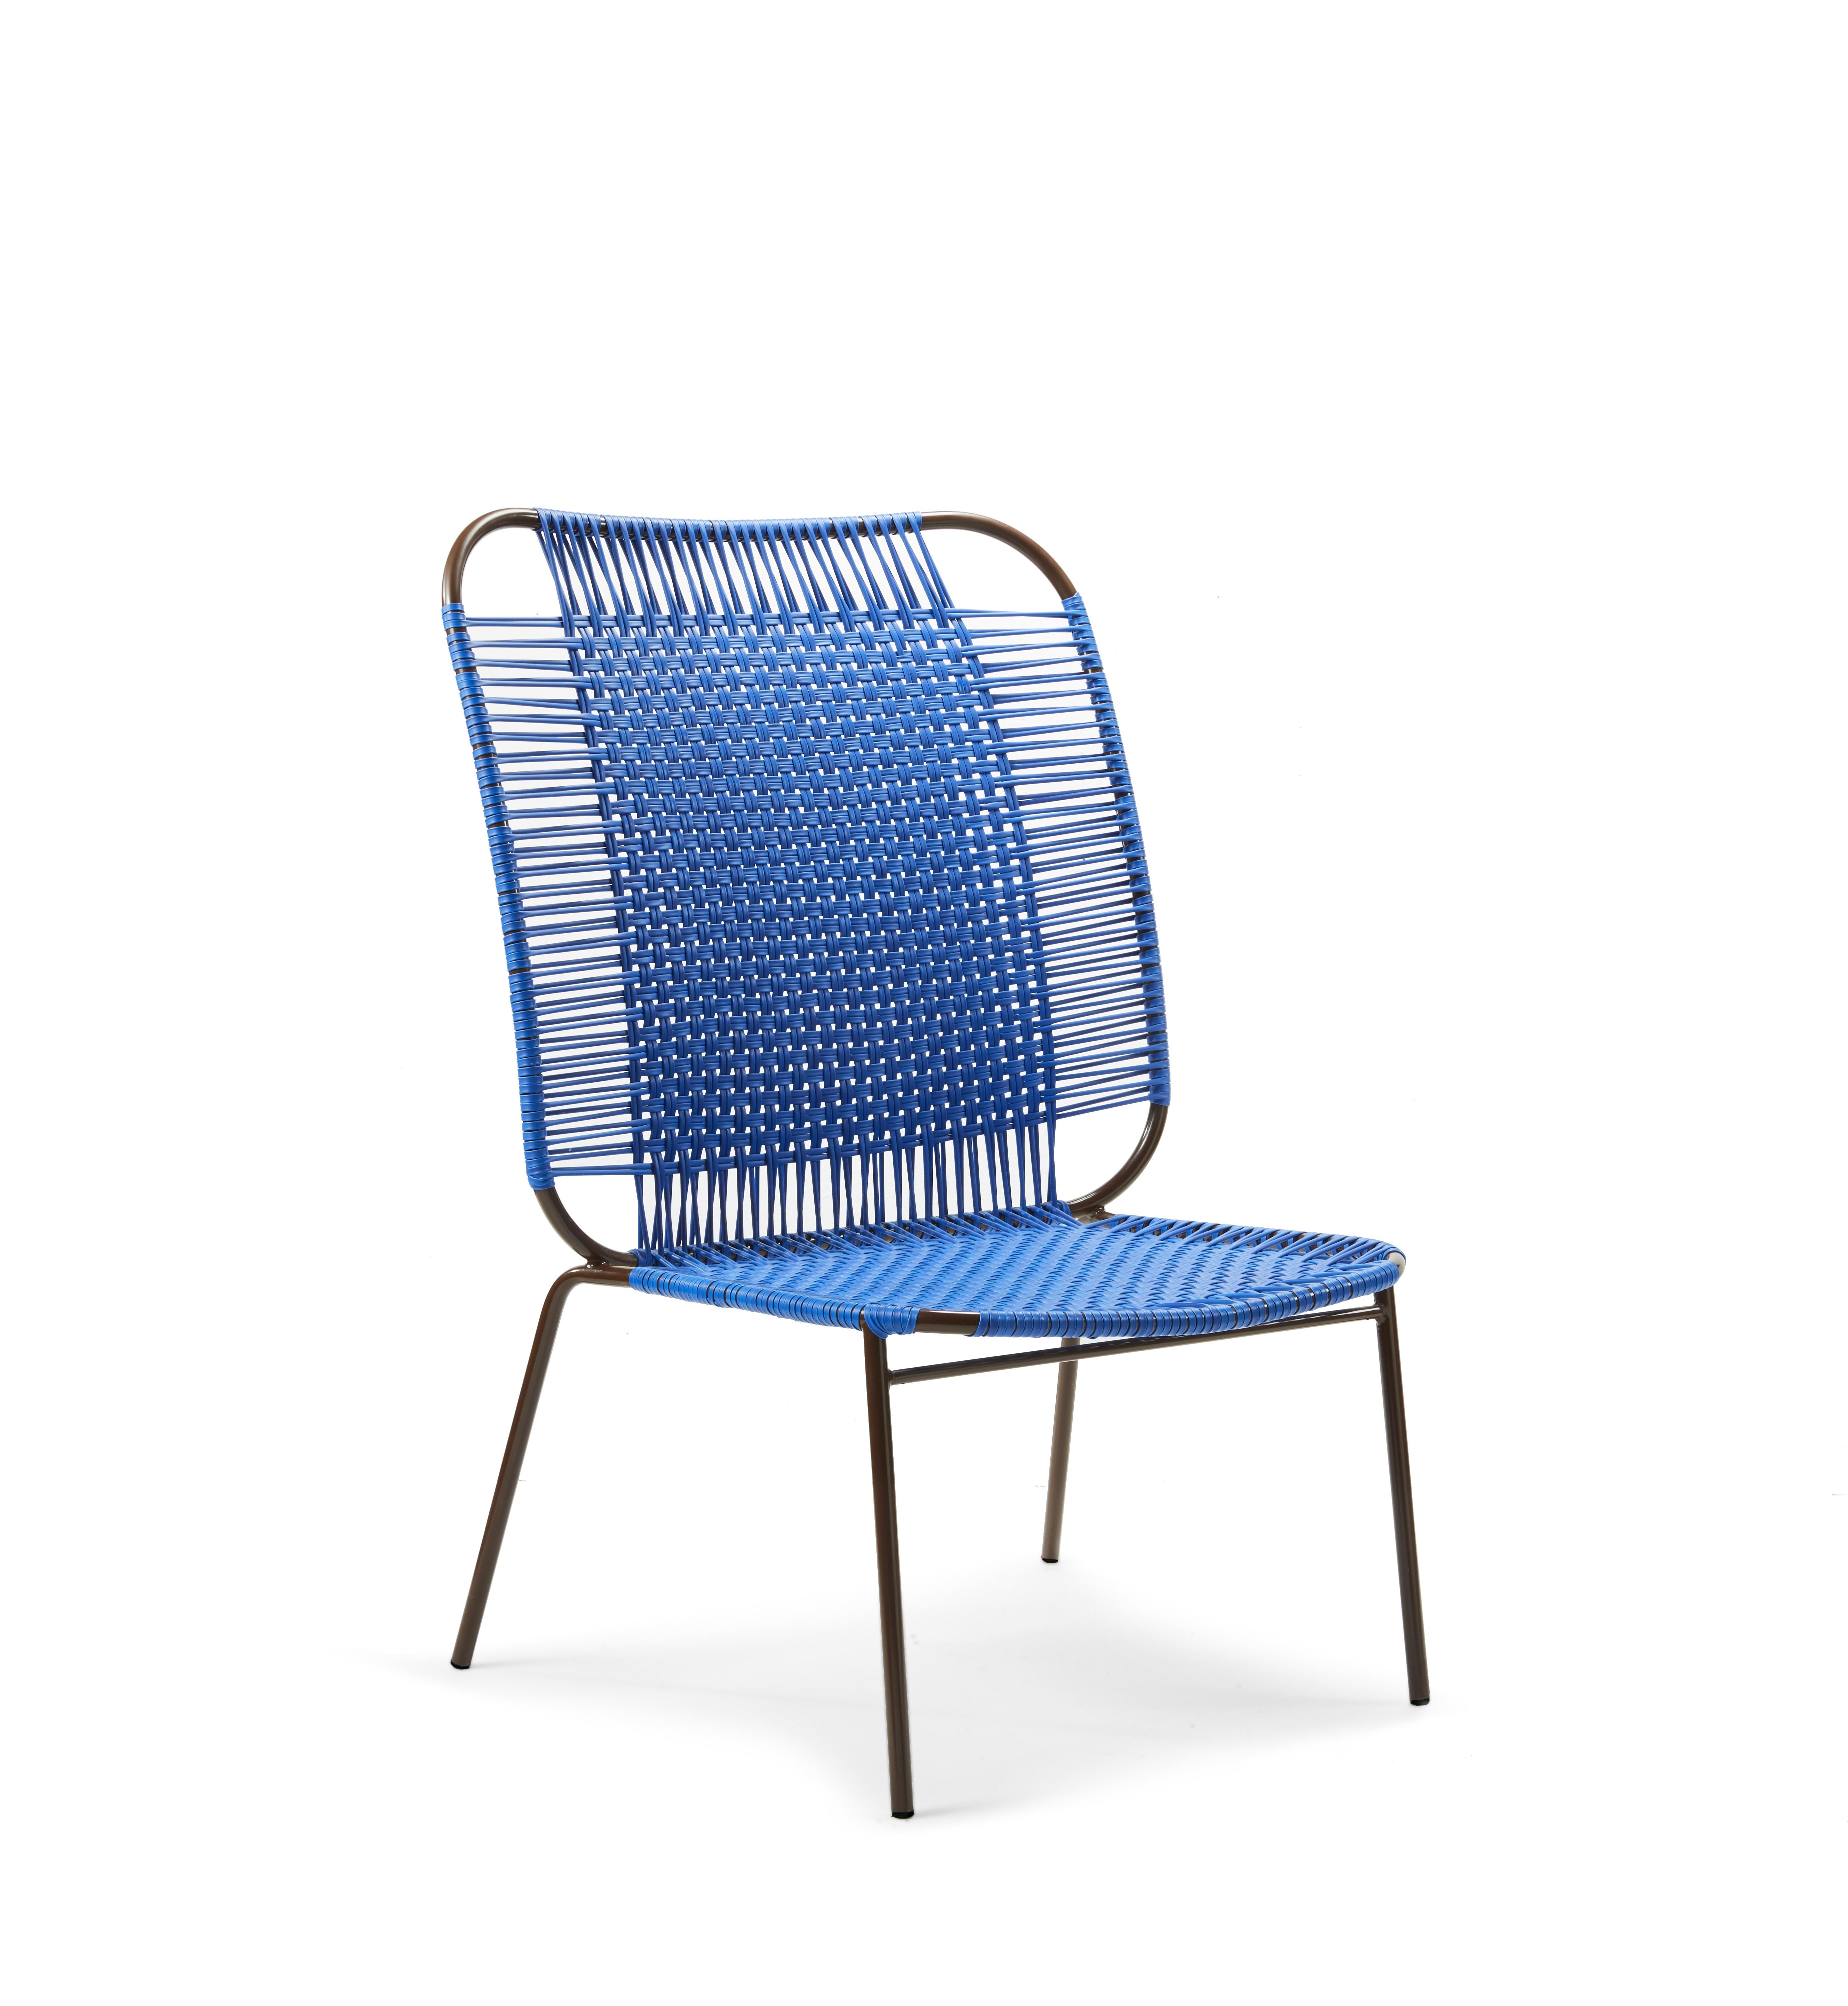 Set of 4 Blue Cielo lounge high chair by Sebastian Herkner
Materials: Galvanized and powder-coated tubular steel. PVC strings are made from recycled plastic.
Technique: Made from recycled plastic and weaved by local craftspeople in Cartagena,

^^^^^^^^

Task objective
Exact copies of the lines from the one holding "Materials: Galvanized and" through the last line above, and only those, make up the answer.

Final answer
Materials: Galvanized and powder-coated tubular steel. PVC strings are made from recycled plastic.
Technique: Made from recycled plastic and weaved by local craftspeople in Cartagena,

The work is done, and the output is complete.